The new state law requires a benefit corporation to pursue and take into consideration goals and values beyond raising revenue or creating value for shareholders. The intent is to provide protection for directors and officers of a benefit corporation who, in a typical for-profit corporation could be liable for pursuing such other values at the expense of profit. In a benefit corporation, however, directors and officers could have liability to its shareholders for failing to properly take into account the corporation’s stated goals and values. In making decisions, benefit corporation directors and officers are required to consider the effects any action may have on—
• the corporation’s ability to accomplish its general and specific public benefit purposes;
• the corporation’s shareholders;
• the employees and workforce of the corporation and suppliers;
• the interests of customers as beneficiaries of the corporation’s public benefit purposes;
• community and societal considerations, including the communities in which offices or facilities of the corporation and its suppliers are located;
• the local and global environment; and
• the short- and long-term interests of the corporation.

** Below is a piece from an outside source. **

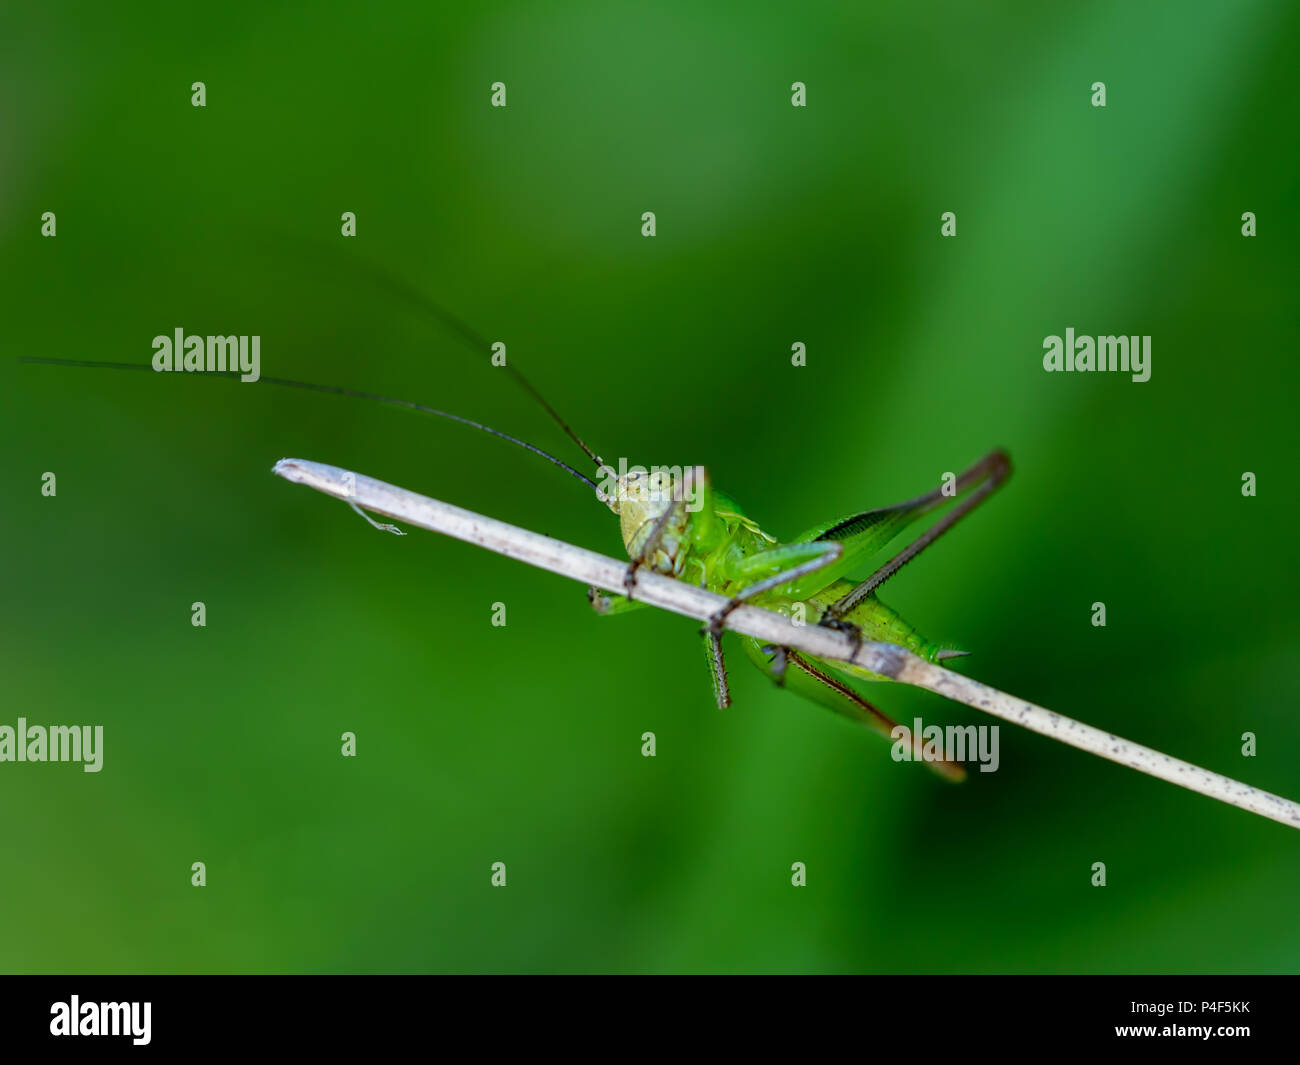 Cute babay cricket insecto. Parece desconfiar! Aferrándose a twig. Foto de stock

How does a corporation become a benefit corporation?
A new corporation can be a benefit corporation from the time of its formation by stating in its Certificate of Incorporation that it is a benefit corporation and that it has a purpose of creating a general public benefit. It may also include specific public benefit purposes. An existing for-profit corporation in New York can become a benefit corporation by amending its Certificate of Incorporation with similar provisions. An amendment to become or cease being a benefit corporation requires approval by at least 75 percent of the votes that shareholders are entitled to cast.

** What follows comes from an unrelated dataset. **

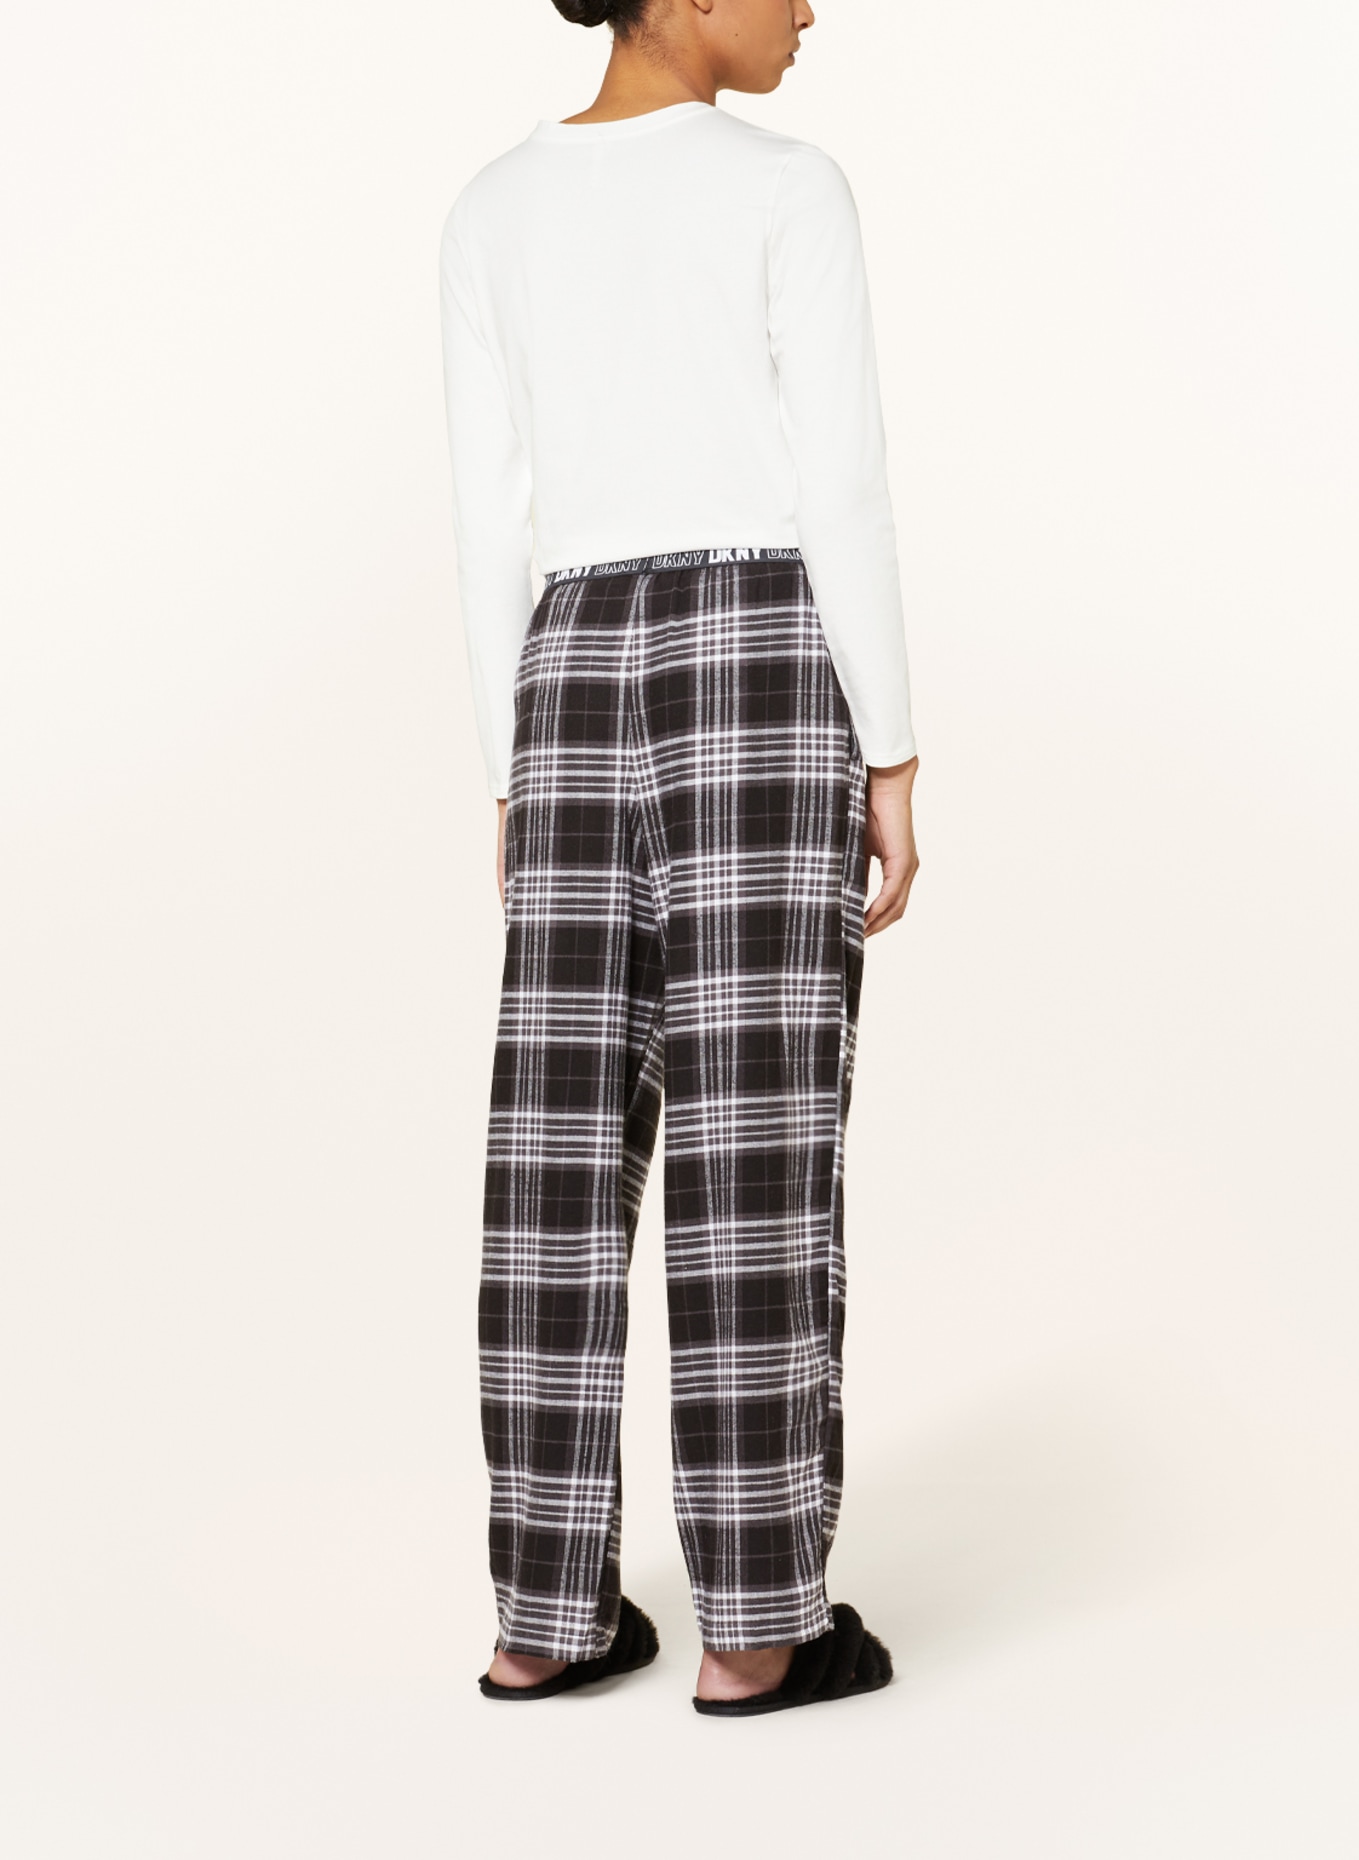 DKNY Pajama pants in flannel, Color: BLACK/ DARK GRAY/ WHITE (Image 3)

Reporting and transparency
The benefit corporation statute introduces a key concept called a third-party standard—a recognized standard for defining, reporting and assessing general public benefit, which must be developed by a person independent of the corporation. It must also be transparent, which means that the identity of the persons who developed and control changes to the standard and the process by which those changes are made, the factors considered when measuring the performance of the business and the relative weightings of those factors, must all be made publicly available.
A benefit corporation is required to prepare an annual benefit report which it must deliver to shareholders, post on its website and file with the New York Department of State. The annual report must include, among other things, a narrative description of the process and rationale for selecting the third-party standard used to prepare the annual report, an assessment of the corporation’s performance relative to its general public benefit purpose against the third–party standard, the compensation the corporation paid to each director, and the name of each person who owns 5 percent or more of the corporation’s stock.However, the report filed with the state and posted on the corporation’s website may omit the compensation paid to directors and any financial or proprietary information otherwise included in the report.

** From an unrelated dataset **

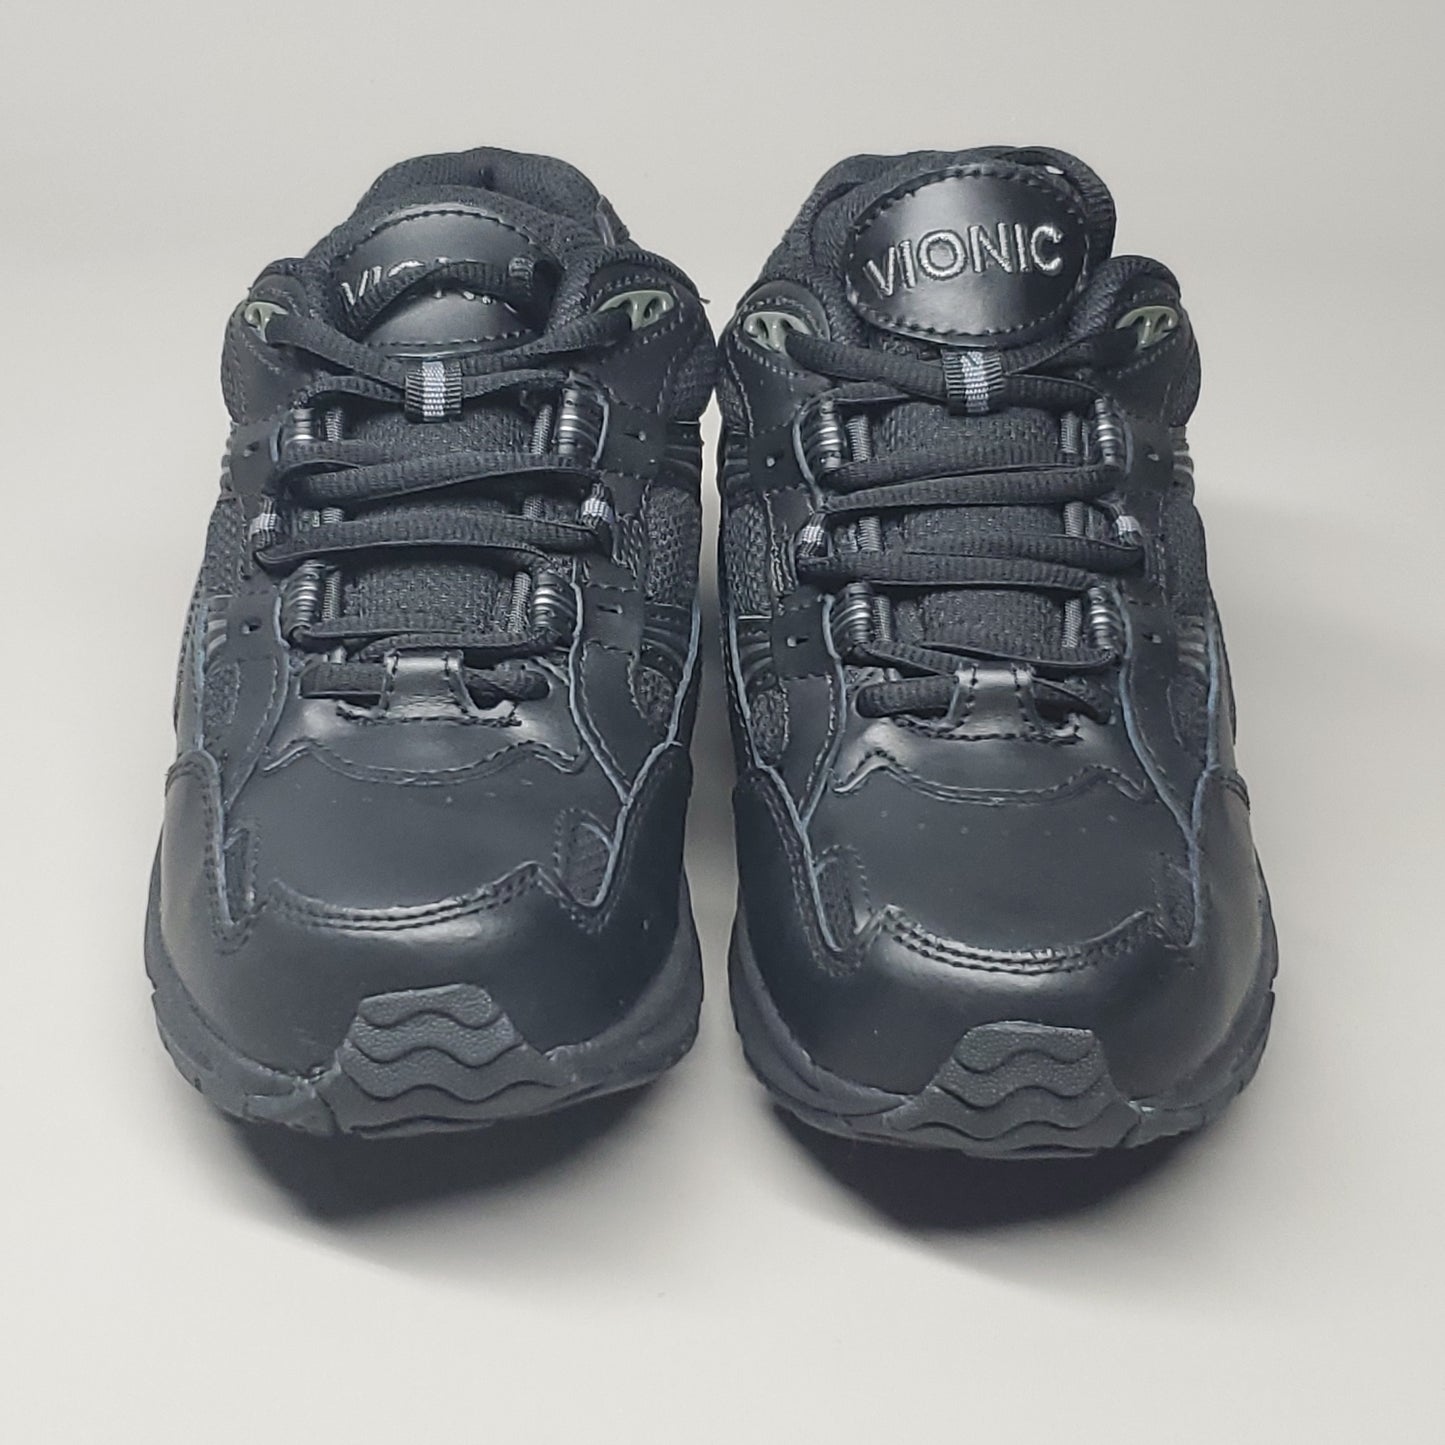 VIONIC Walker Sneaker Shoe Women's Sz 5 Black 23WALK (New)

The law does not prescribe who creates the third-party standard or performs the assessment, but it does amend Section 720 of the Business Corporation Law to provide that directors and officers may be held accountable for failing to pursue the corporation’s public benefit purposes or failing to deliver or post the annual report.
What it means for CPAs
A direct result of the new Benefit Corporation Law is that CPAs—when advising clients about choosing among different forms of entities—should add benefit corporations to that discussion in appropriate cases. For those corporations that go the benefit corporation route, CPAs will need to be able to advise the corporation’s directors and officers about their decision-making duties and the corporation’s annual reporting requirements.
Benefit corporations may present new opportunities for CPAs. For example, CPAs might become involved in developing third–party standards for benefit corporations, perform assessments for benefit corporations to measure their performance against third-party standards or assist in preparing annual benefit reports. CPAs’ experience in formulating third-party standards for reviews and audits, in consistently applying those standards in auditing, and in preparing and analyzing financial statements could become very relevant in developing processes and procedures for performing assessments.